Weight-loss is not linear by any means, so I consider this a very useful tool to refer to every once in a while, especially when you could use a reminder of how far you’ve come already.
Another way this could be used is to make sure you are getting enough of certain vitamins & minerals, or even enough protein on average to support your efforts in the gym.

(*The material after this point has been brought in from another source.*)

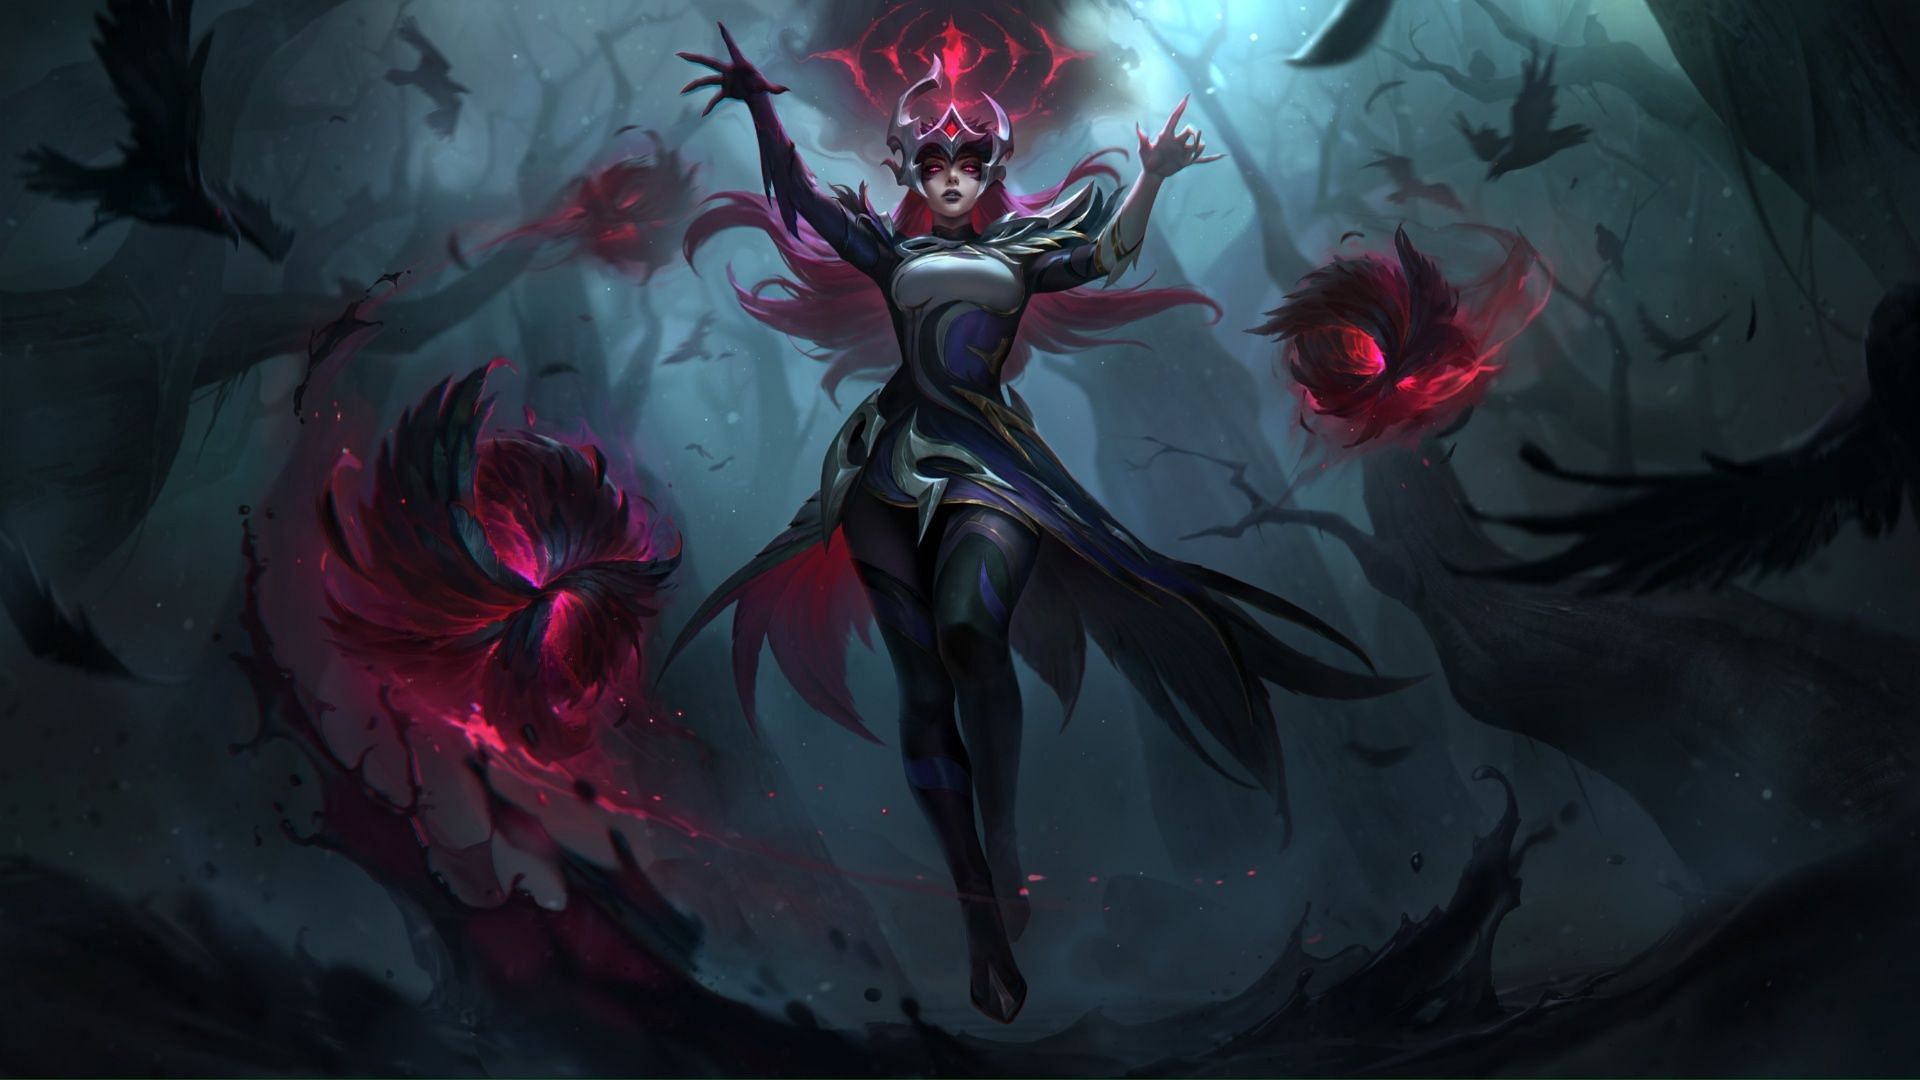 Coven Syndra (Image via Riot Games)

During my fitness journey, I have subscribed to many forums to learn and discuss fitness and nutrition. If I were to recommend a few to someone, Myfitnesspal would not be one of them.
While you can occasionally find accurate advice, it is a community riddled with misinformation. A common complaint across other forums is that those who attempt to correct the misguided suggestions on Myfitnesspal’s forums are often met with legions of irrational defenders.
There is lack of mod involvement to correct this. I even know of someone who received a ban for lively, yet civil, discussions on losing fat according to what is known by science, because it was “offensive” to members who disagreed.
As you can see in the screenshot I took of a redditor’s opinion on the matter, the forum also encourages many superficial, unrelated topics of discussion. It’s unfortunate there are not more topics that actually serve to educate and eliminate much of the dietary dogma that is common among the average dieter.
Friends Add to Your Success
People who add friends lose 2.3x more weight! – Myfitnesspal
Few things are as inspiring as having a network of people to support you. The social media aspect of Myfitnesspal offers others the ability to “like” and comment on your new achievements, be notified when you reach a new high streak of consecutive logging days, complete your food diary, or be privy to your personal highlights (or setbacks).
It’s fulfilling to know others care about your journey, and wonderful when you inspire others with your own progress.
Short on friends who use Myfitnesspal? Feel free to add me, barbellbunnyj!
I also invite you to share your screename in the comments so that I and others who use MFP may add you 🙂
Myfitnesspal is far from perfect and has some significant flaws. Despite that, it is a highly useful free tool. If you are aware of its shortcomings, it is more than adequate to meet your goals. So,
- replace their suggested intake with more accurate calories.
- avoid eating back calories “earned” through exercise.
- take the forums with a grain of salt.
- add some friends to tag along for the ride.
You are likely to profit much more than if you had not!